Surprinsingly, instead of seeing a difference between inner and outer Zurich postal areas, we instead observe a contrast between the eastern and the western postal areas.


Conclusion

What can we learn from this structure for knowledge transfer? What can we potentially improve for better life in Zurich?

As seen on the indicator radar plot, some Zurich postal areas could improve their accessibility. It seems like many of the facilities equipped for the disabled are located in the historical area of Zurich, other areas could be improved. Some disparity in wealth distribution was observed. Relatively wealthy and poor areas were identified, which could be helpful for future city planning.
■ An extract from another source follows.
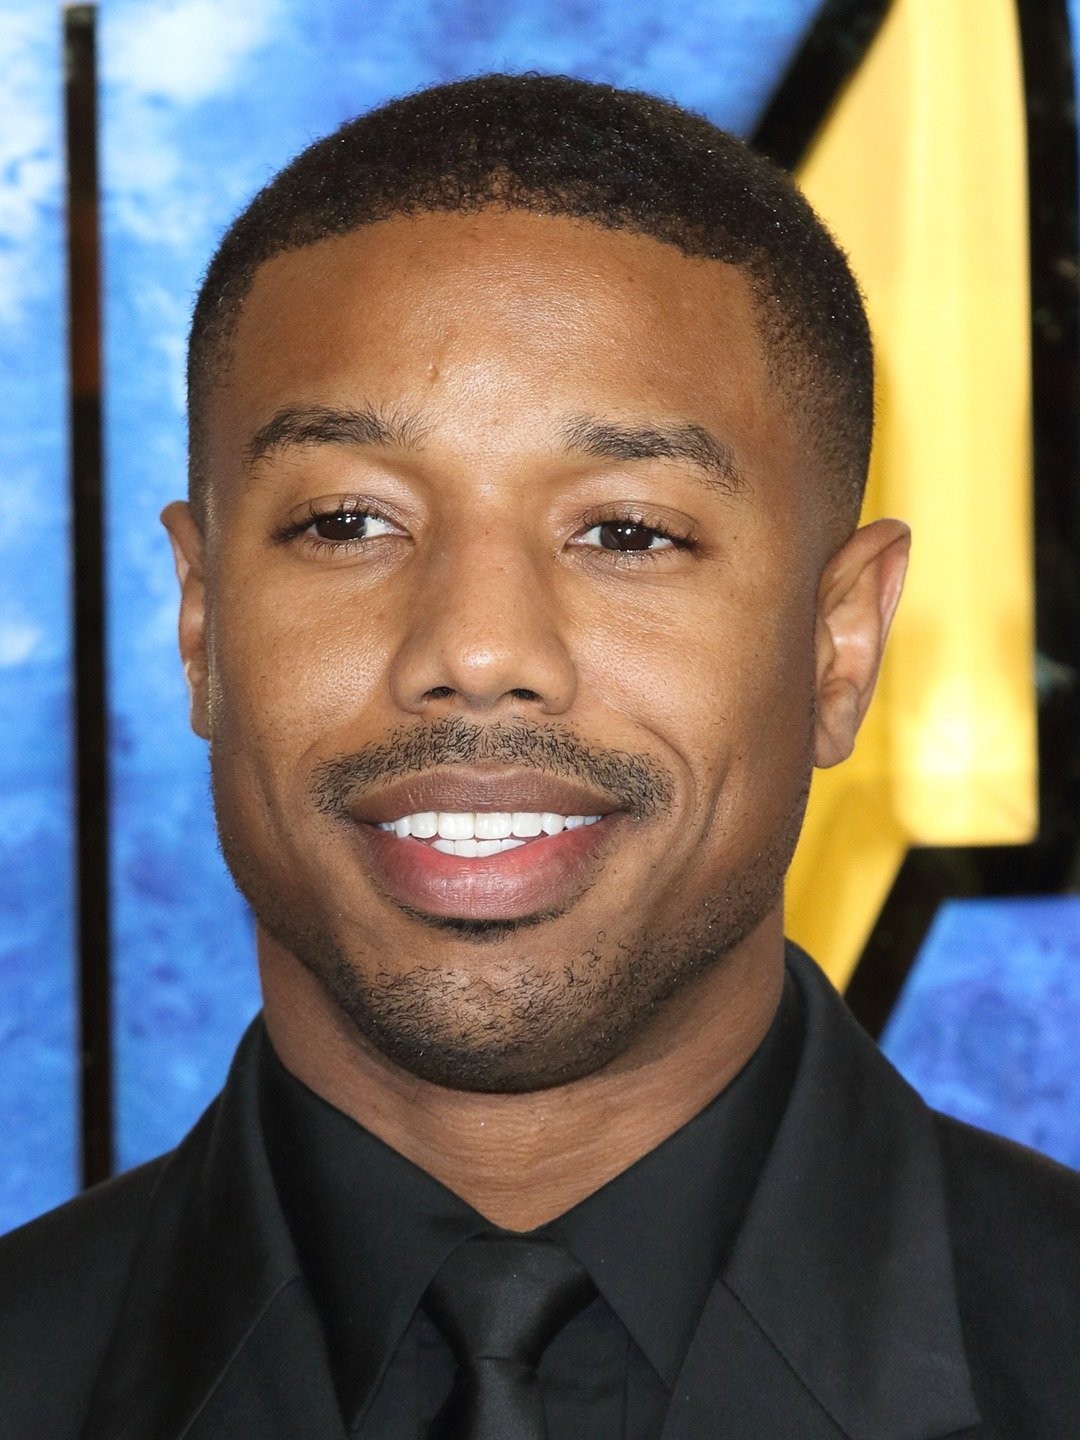 Wallace Death The Wire - Michael B. Jordan's Death on The Wire Was Just As  Heartbreaking in Real Life
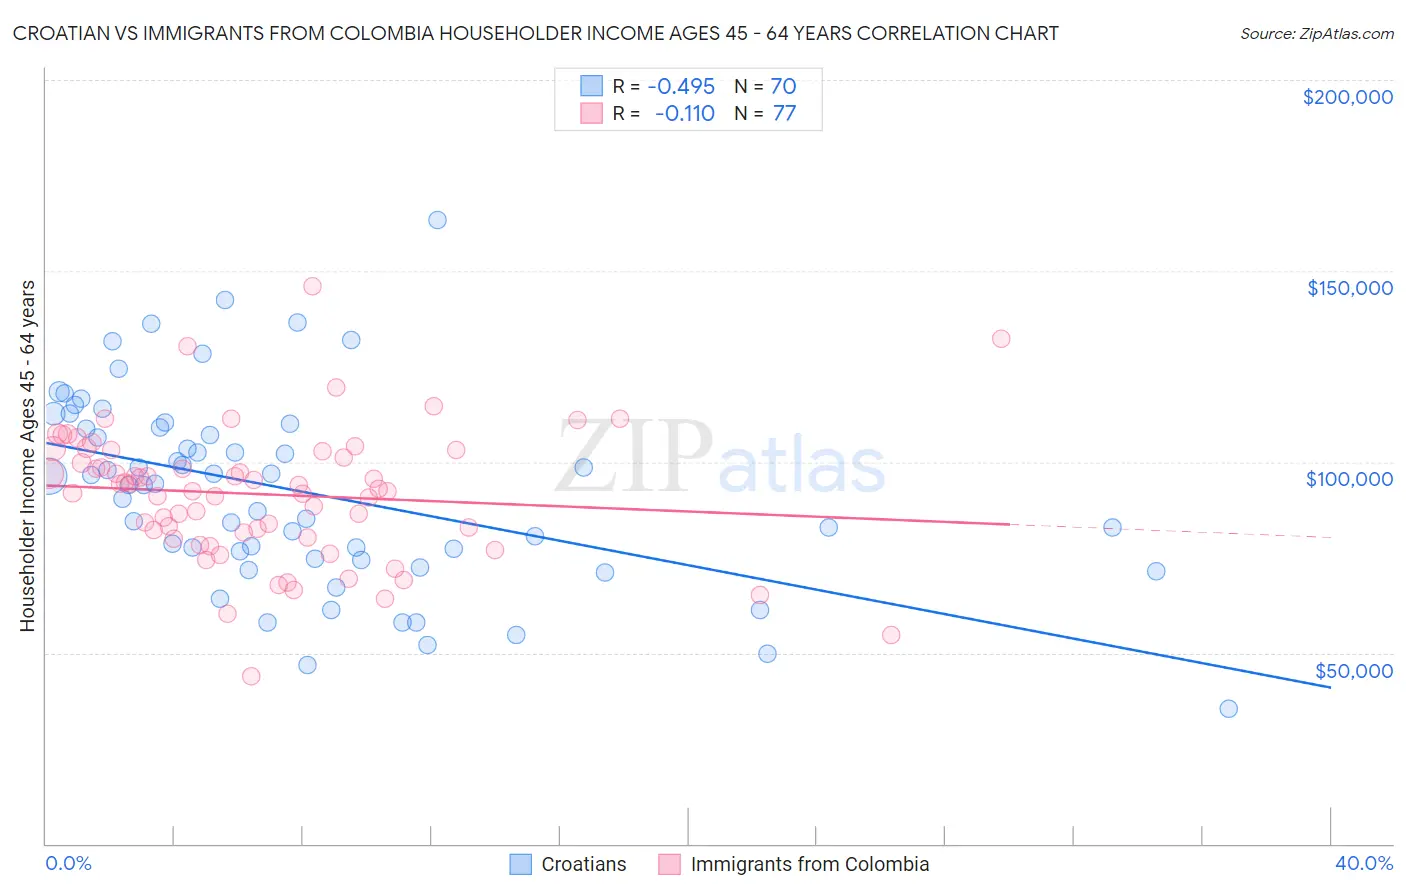 Croatian vs Immigrants from Colombia Householder Income Ages 45 - 64 years

For instance, measures pertaining to employment creation could be favorized in the less wealthy areas. The number of young adults is also associated with an increase in the number of bars, cafés etc. Interestingly, these hospitality companies seem to correlate with a decrease in the number of families. This is also important knowledge for city planners, since for instance an imbalance could contribute to wealth clustering.


What could we do to improve this study?

Concerning spatial characterization, some indicators do not seem to behave as desired. Incorporating into their construction more data concerning factors such as unemployment, crime rate, etc, would be desirable. Additional indices measuring quality of life/space could also be constructed. With regards to population, a bigger, more representative sample could also improve this study.


Acknowledgments

We would like to thank Prof. Binder and her lab, the Laboratory for Human-Environment Relations in Urban Systems (HERUS), for supplying us with not only access to the dataset, but also with help and advice. In particular, a special thanks to Emanuele Massaro for setting up the access and for his guidance on a number of issues.